» What to work on: Would you please copy all of the data exactly, skipping the images?

» Collected data:
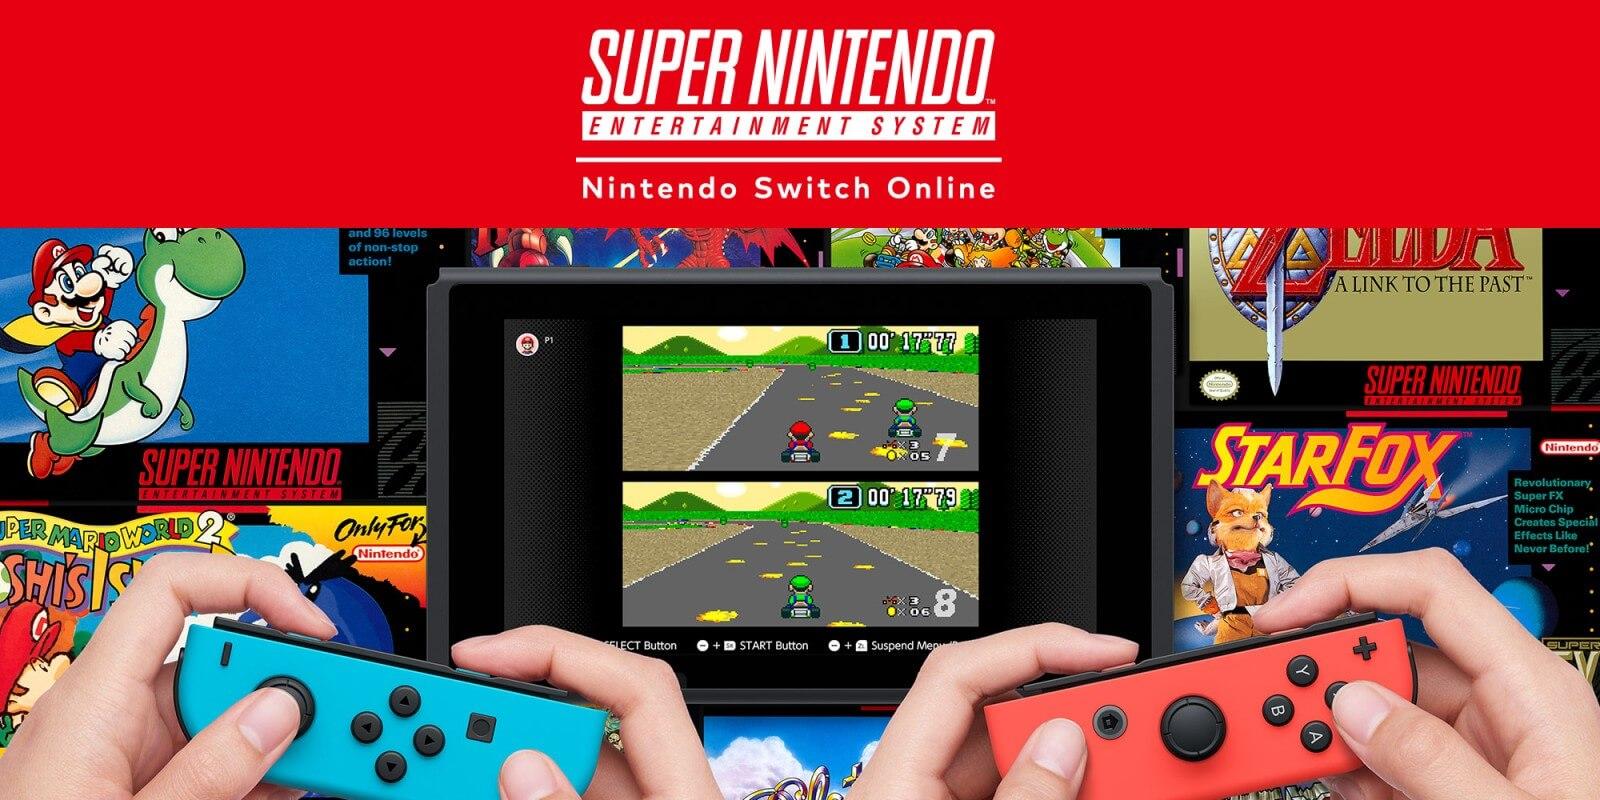 Nintendo Switch Online - SNES games
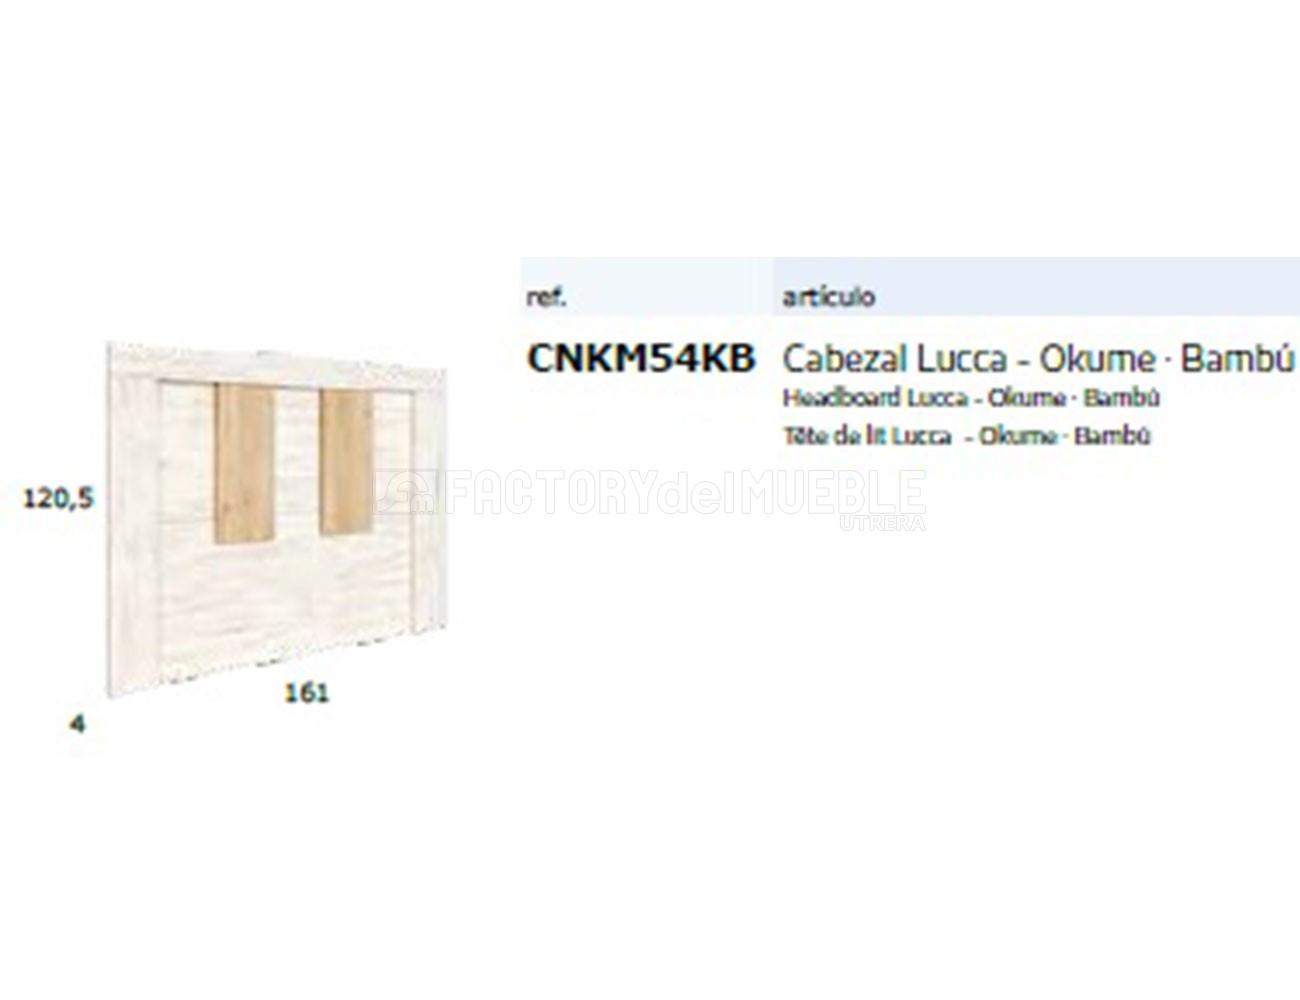 Cnkm54kb cabezal lucca
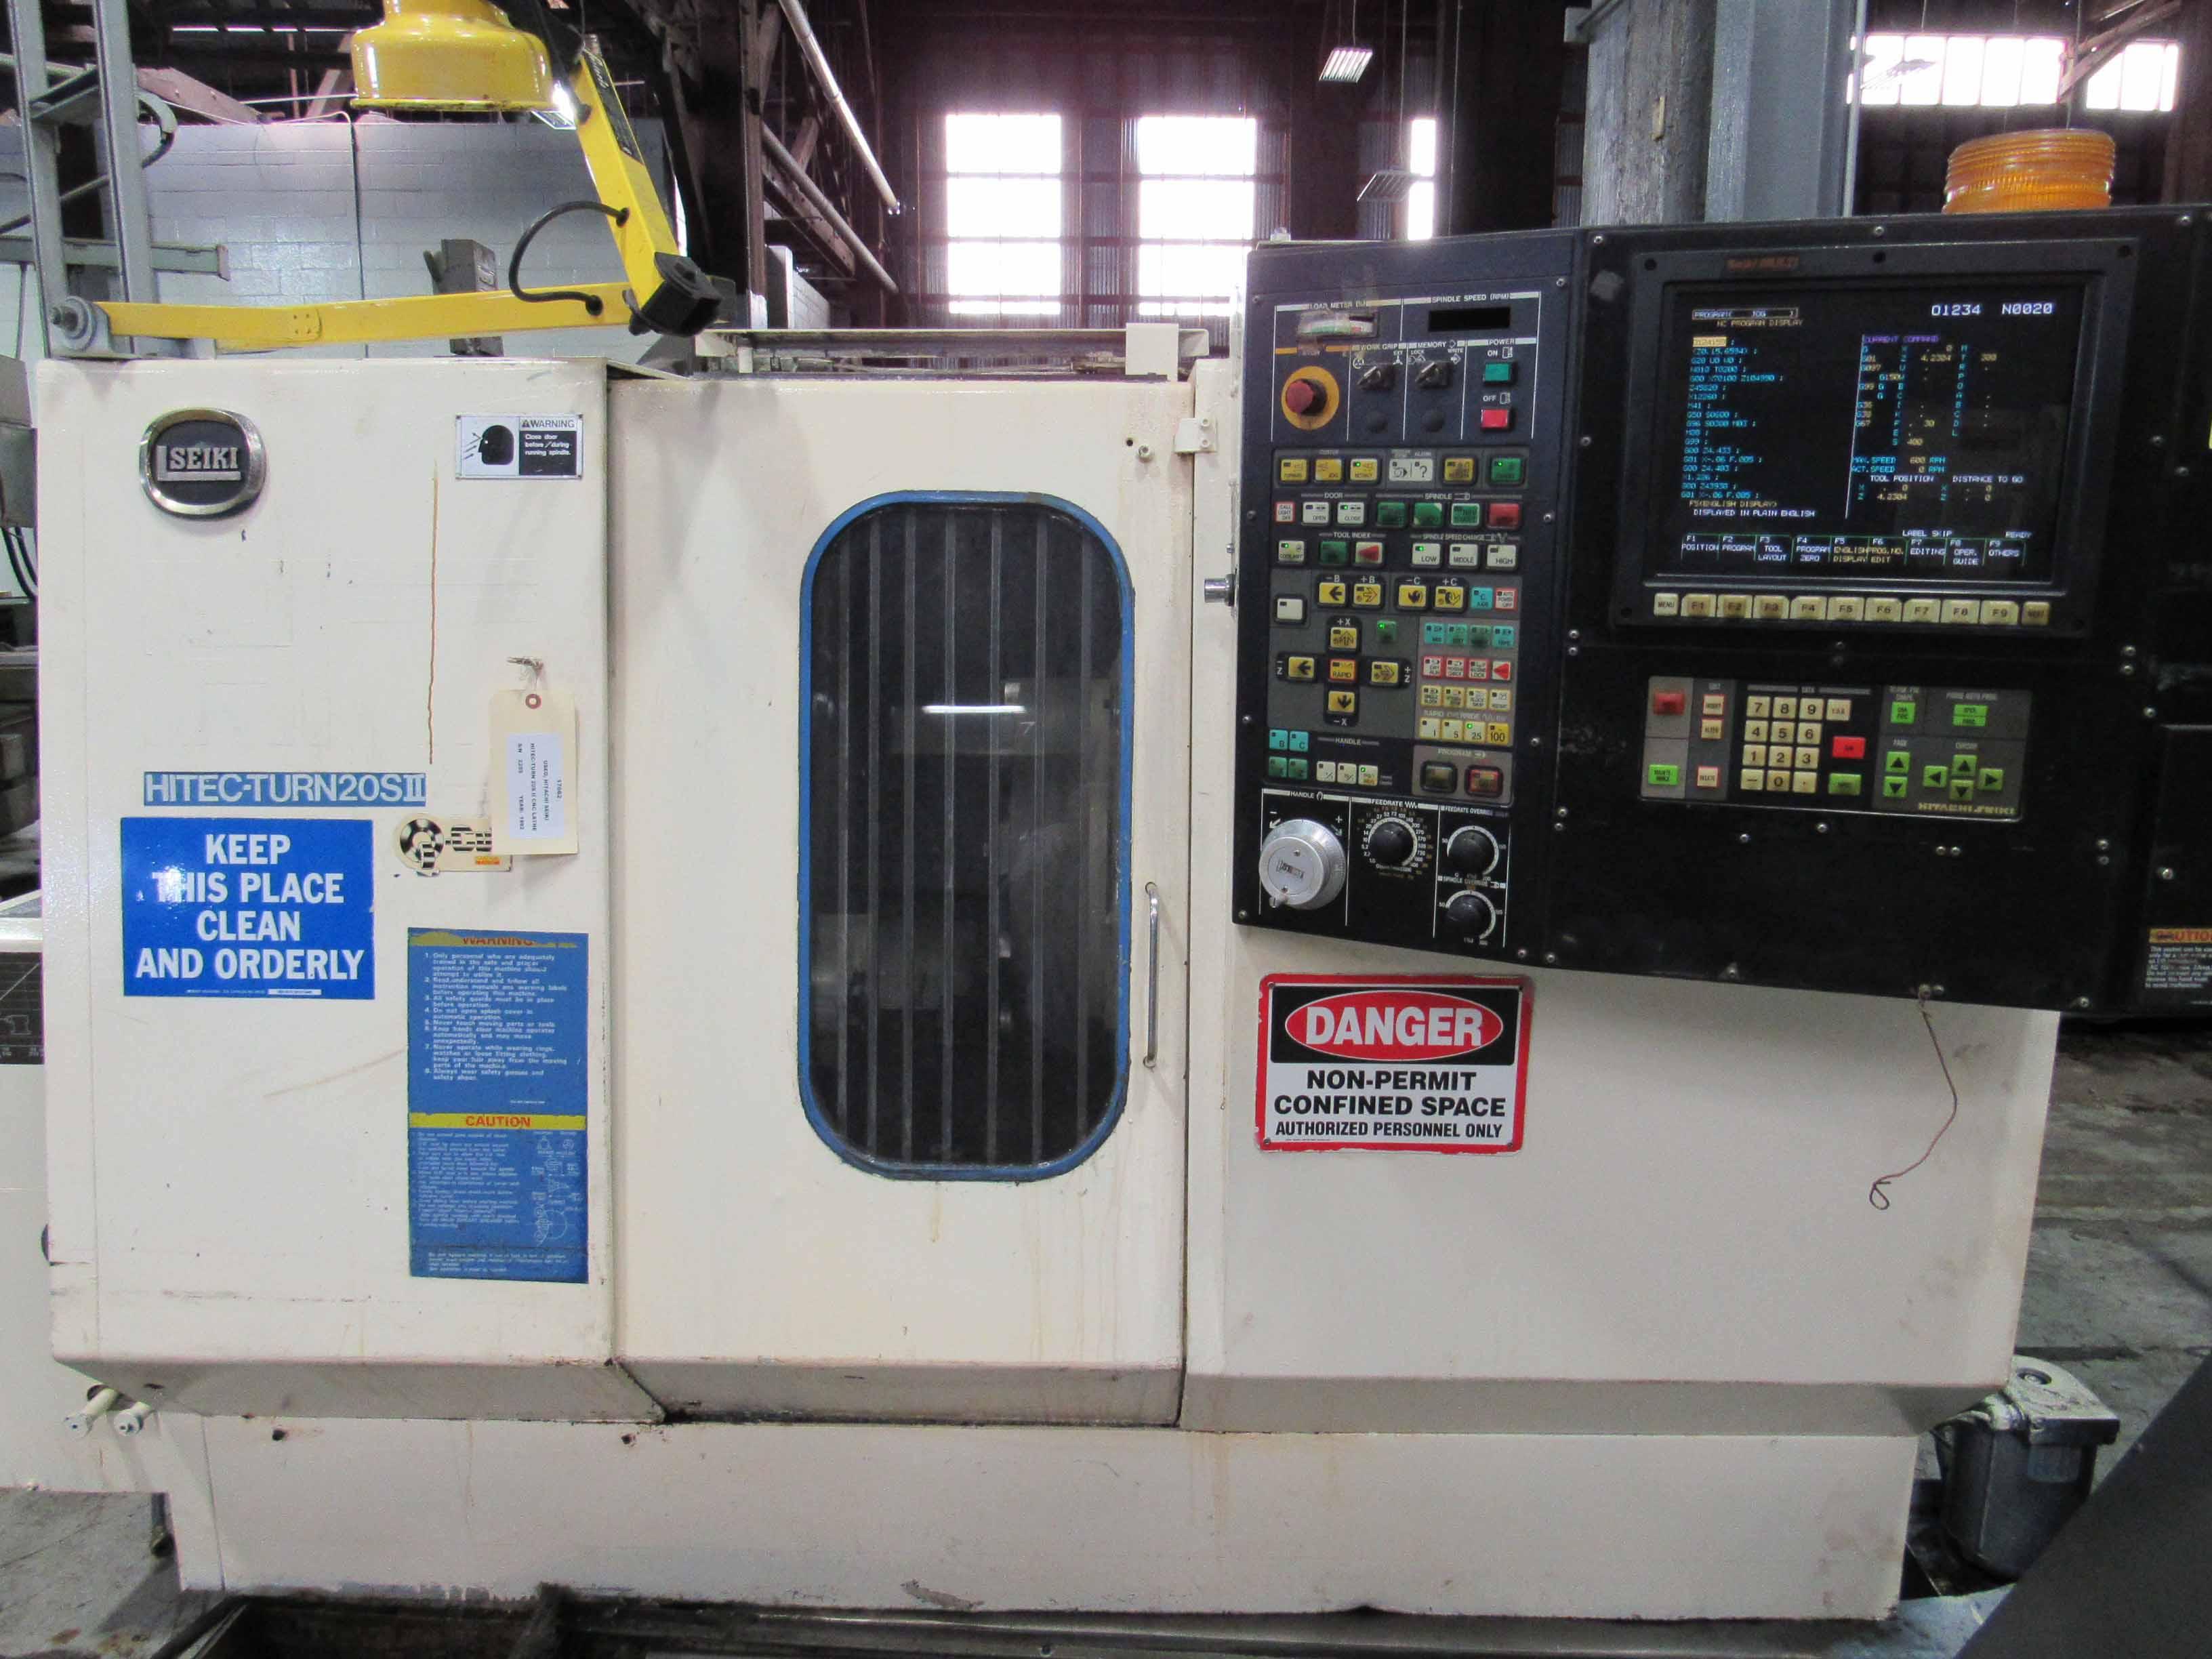 "Lot 53 - HITACHI SEIKI MDL. HITEC-TURN 20S II CNC LATHE, new 1992, Seiki Multi CNC control, 15"" sw. over bed,"

» Task response:
 Nintendo Switch Online - SNES games
 Cnkm54kb cabezal lucca
 "Lot 53 - HITACHI SEIKI MDL. HITEC-TURN 20S II CNC LATHE, new 1992, Seiki Multi CNC control, 15"" sw. over bed,"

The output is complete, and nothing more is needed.